先日、同僚が念願のマイホームを建てました。
世帯年収は約800万円。
新しい家の話を聞きながら、私は素直に思いました。
「ふぅん…すごいなぁ。」
理想の家を建てられたことは、本当に羨ましいです。
広いリビング。きれいなキッチン。子どもが走り回れる家。いいなあ。普通にいいなあ。人間だもの。
その一方で、心のどこかがざわついていました。
「もし自分だったら、本当にその住宅ローンを背負えるだろうか。」
そんなことを考えてしまったのです。
もちろん、家を買う人を否定したいわけではありません。
むしろ、自分たちで理想の暮らしを選んでいる人は素敵だと思います。
ただ、私はセミFIREを目指すようになってから、お金の使い方に対する考え方が大きく変わりました。

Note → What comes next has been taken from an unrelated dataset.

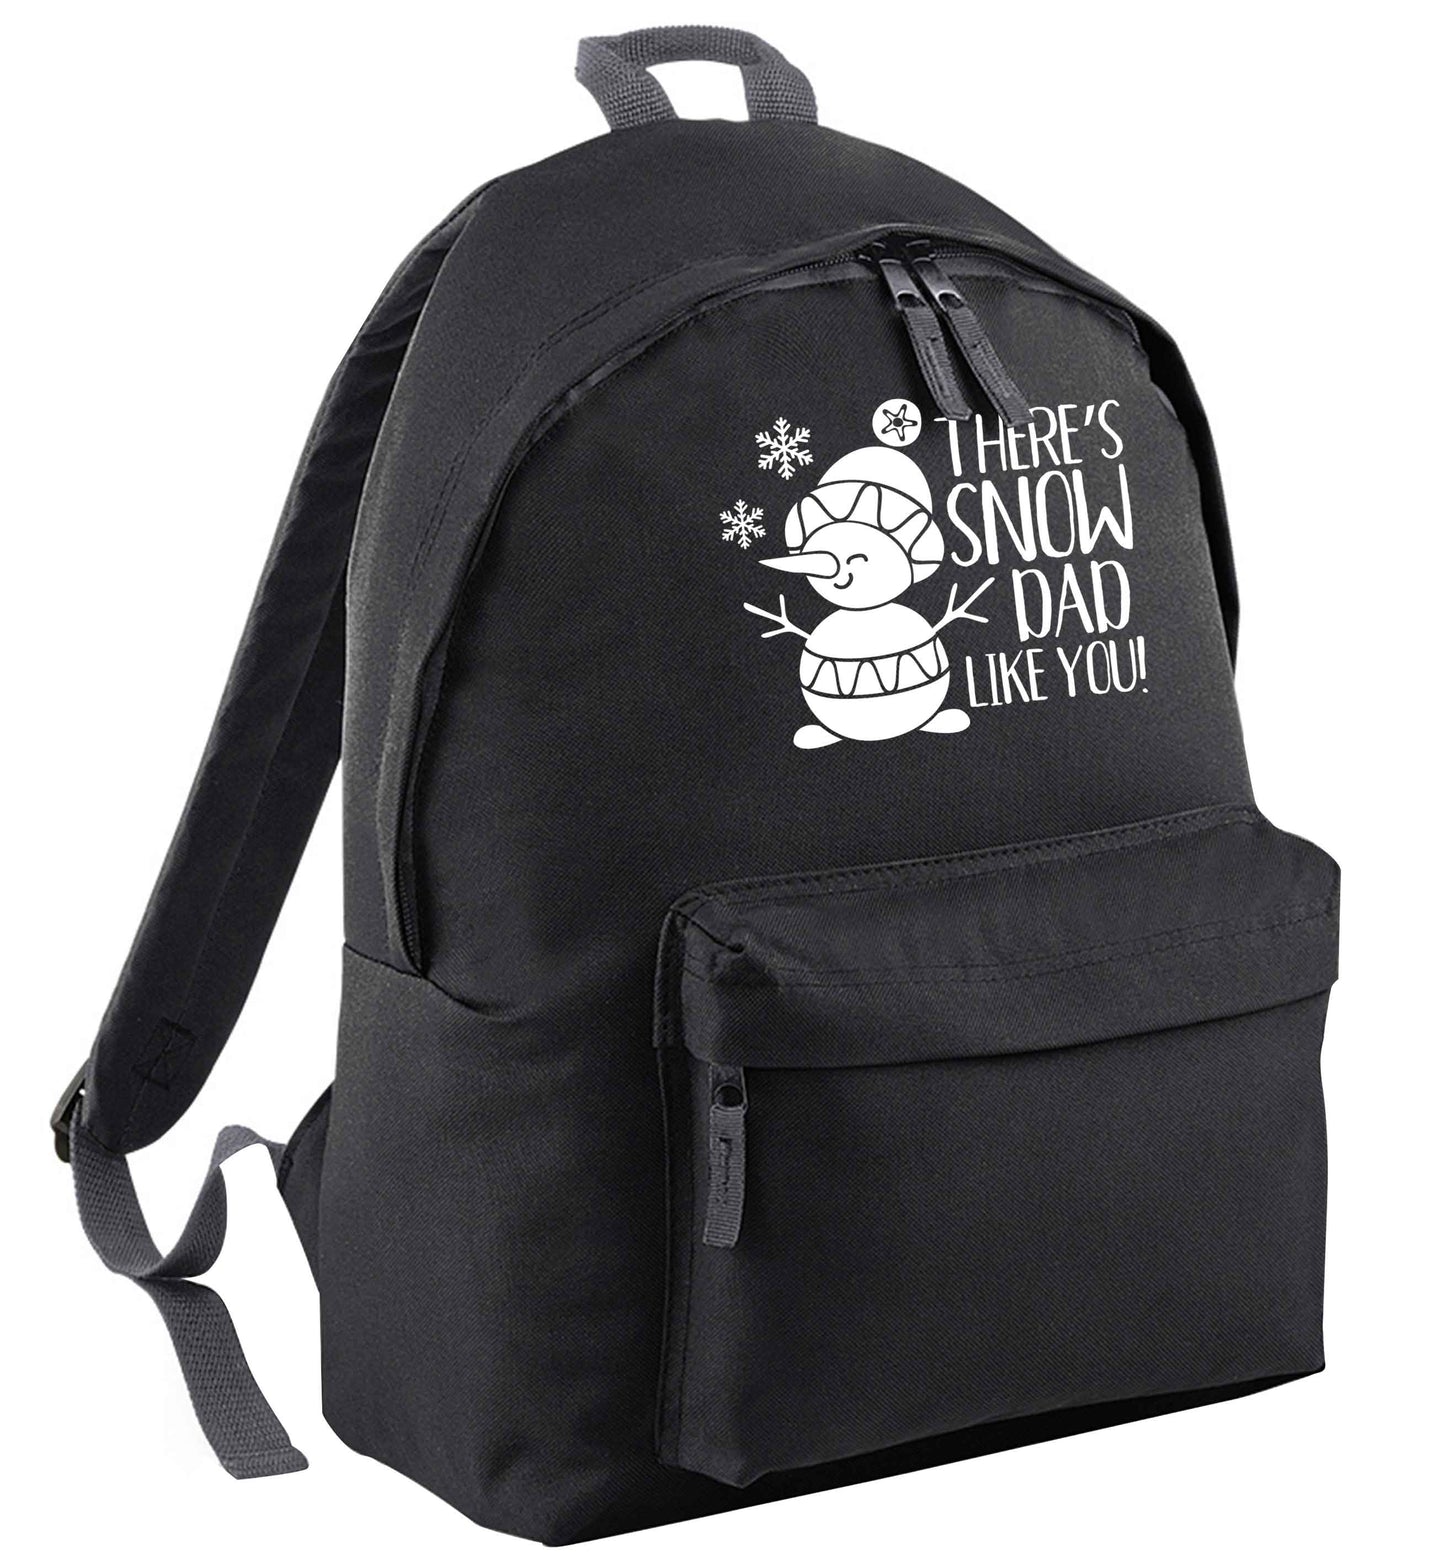 There's snow dad like you | Children's backpack
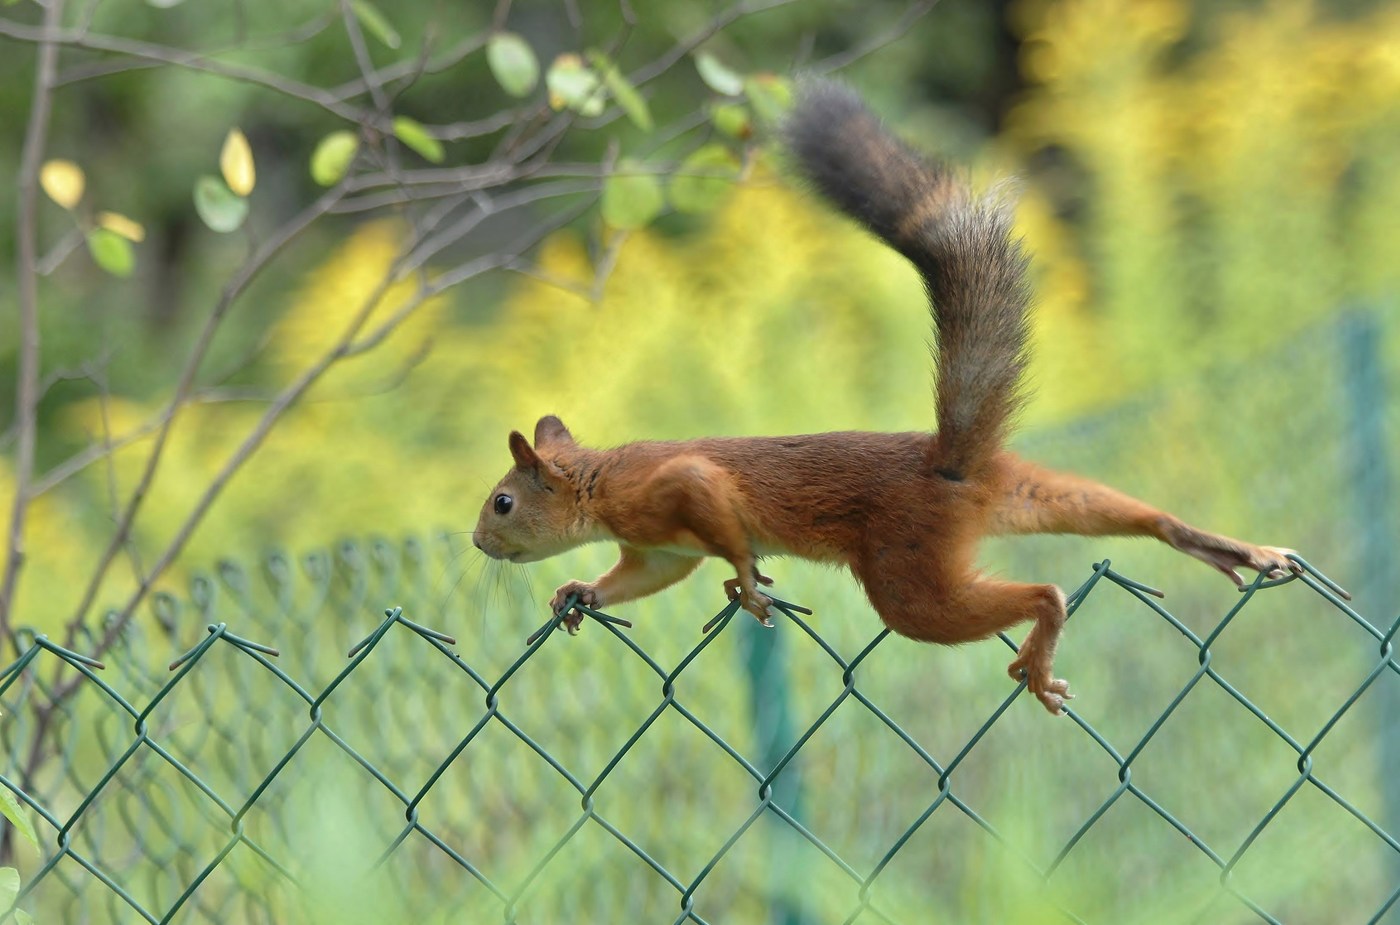 Squirrel deftly moves on the iron grid

この記事は、「家を買うべきか、賃貸でいるべきか」という話ではありません。
世帯年収1000万円のわが家が、5000万円の家を前にして何を怖いと感じたのか。
そして、セミFIREを目指す中で、「お金」と「幸せ」の価値観がどう変わったのか。
そんな話です。
我が家も本気で家探しをしていた
30代の友人でよく出る話題といえば「賃貸にするかマイホーム購入にするか」です。
そんな話題が出ると、私は
「キャッシュフローの見えにくいマイホームよりも賃貸が安泰だよ」
「人生において住まいは大事だけど、共働きで子持ちだと家にいる時間は1日のうち限られた時間でしかないから、そこまでお金を使わなくてもいいんじゃなあい?」
なんて返答していました。
ですが、この発言に反して、実はめちゃくちゃ売りに出ている物件を毎日見ていました。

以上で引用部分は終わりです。